Yan'an National Fitness Center
- Interactive map of Yan'an National Fitness Center
- Location: Yan'an, Shaanxi, China
- Coordinates: 36°37′44″N 109°29′13″E﻿ / ﻿36.629°N 109.487°E
- Owner: Yan'an Municipal Government
- Capacity: 30,105
- Surface: Grass

Construction
- Opened: 2020

Tenant
- Yan'an Ronghai F.C.

= Yan'an National Fitness Center =

Sports complex in Yan'an, Shaanxi, China

Yan'an National Fitness Center (Chinese: 延安市全民健身中心) is a multi-purpose sports complex located in Yan'an, Shaanxi, China. It serves as a venue for sports, cultural events, and community activities. The center is notable for its unique architectural design, which incorporates elements of traditional Loess Plateau cave dwellings, blending modern functionality with local cultural heritage.

== History ==
The Yan'an National Fitness Center was completed in 2020 and officially opened in September 2021, coinciding with the 14th China National Games, where it hosted international wrestling events. The project was part of a broader initiative to enhance Yan'an's sports infrastructure and promote regional development. The center's design and construction were led by the China Architecture Design Institute, with Shanxi Jujiang Art Concrete providing the GRC cladding that gives the complex its distinctive yellow rammed earth texture, reminiscent of the Loess Plateau's cave dwellings.
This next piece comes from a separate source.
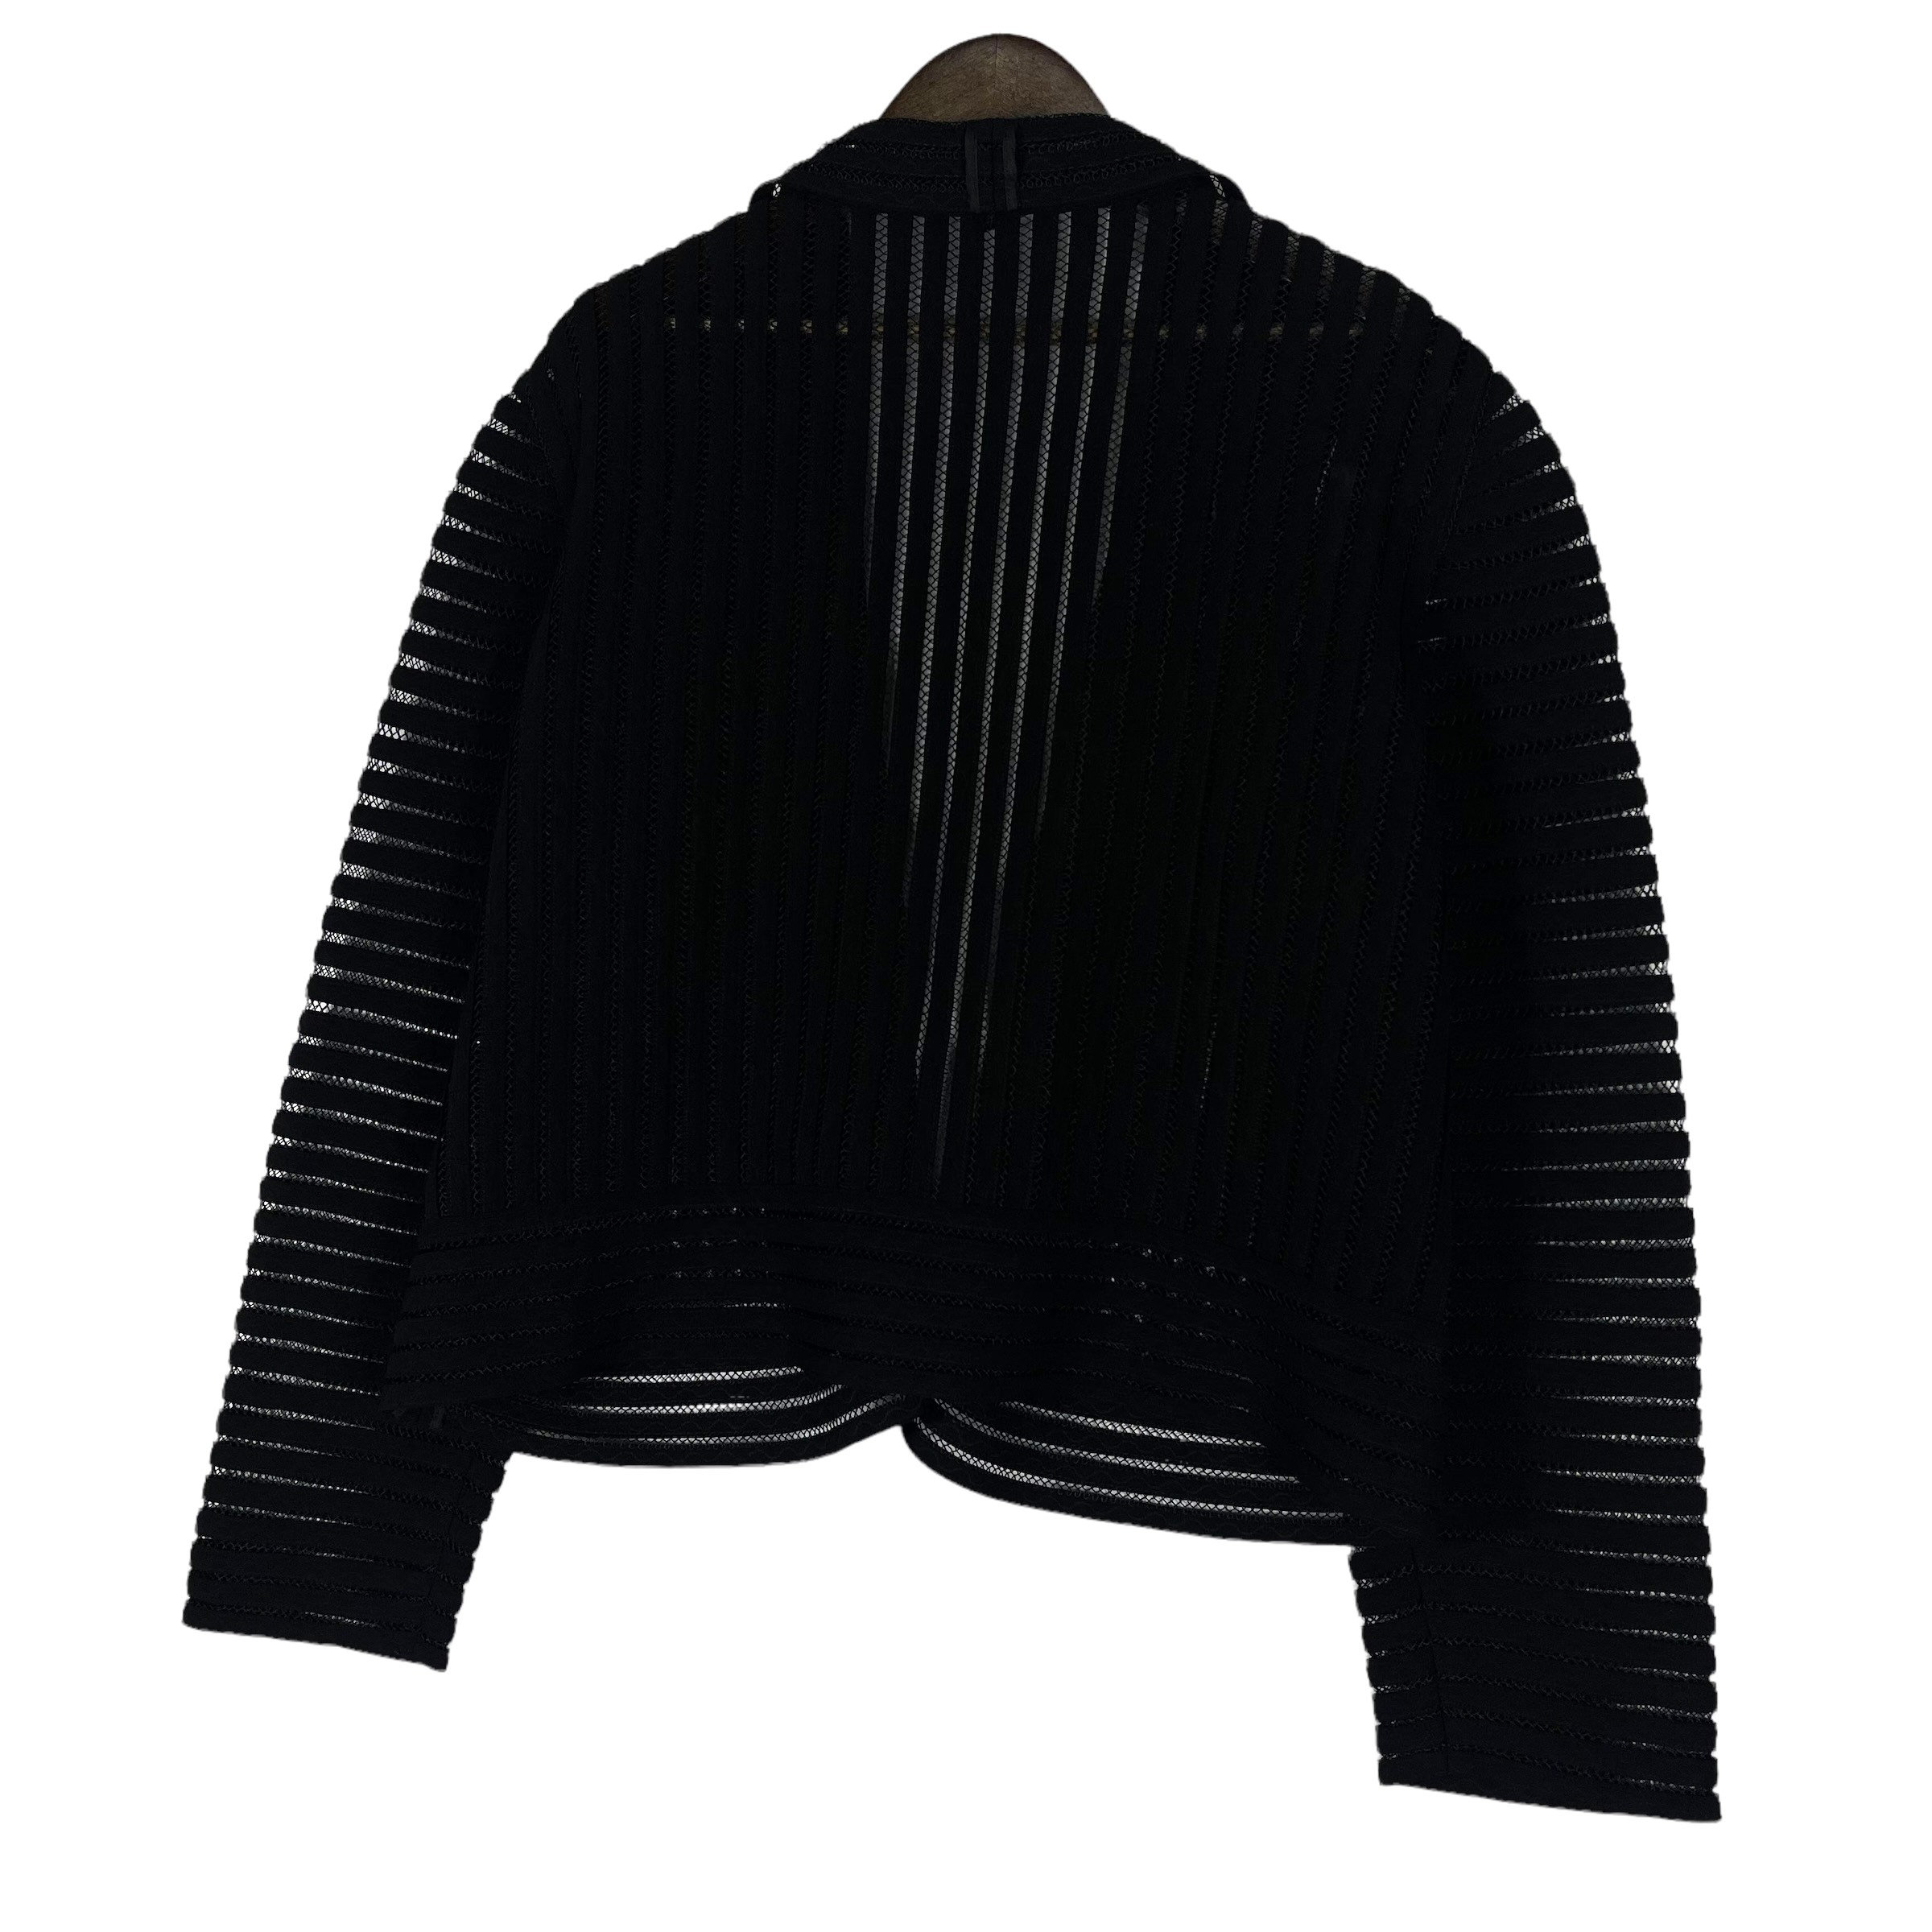 Vintage Junko Koshino Lace Mesh Jacket Black Made in Japan - Etsy

== Design and architecture ==
The center's architecture is a fusion of modern engineering and traditional cultural elements. Key features include:

- GRC Cladding: The use of glass fiber reinforced concrete (GRC) with a yellow rammed earth texture connects the building to the local landscape and architectural heritage.
- Cave Dwelling Inspiration: The design reflects the traditional living style of the Loess Plateau, with structures resembling cave dwellings, a hallmark of Northern Shaanxi culture.

== Facilities ==
The Yan'an National Fitness Center offers a range of facilities, including:

- Main Stadium: A 30,105-seat venue primarily used for football matches and athletics events.
- Training Facilities: Spaces for athletes and community members to practice and train.
- Cultural Spaces: Areas designed to host concerts, festivals, and other cultural events, leveraging the center's open-air acoustics and large capacity.

== Events ==
The center has hosted several significant events, including:

- 14th China National Games (2021): The center was a key venue for wrestling events during this national multi-sport competition.
- The stadium serves as the home ground for Yan'an Ronghai F.C., a team competing in China League Two.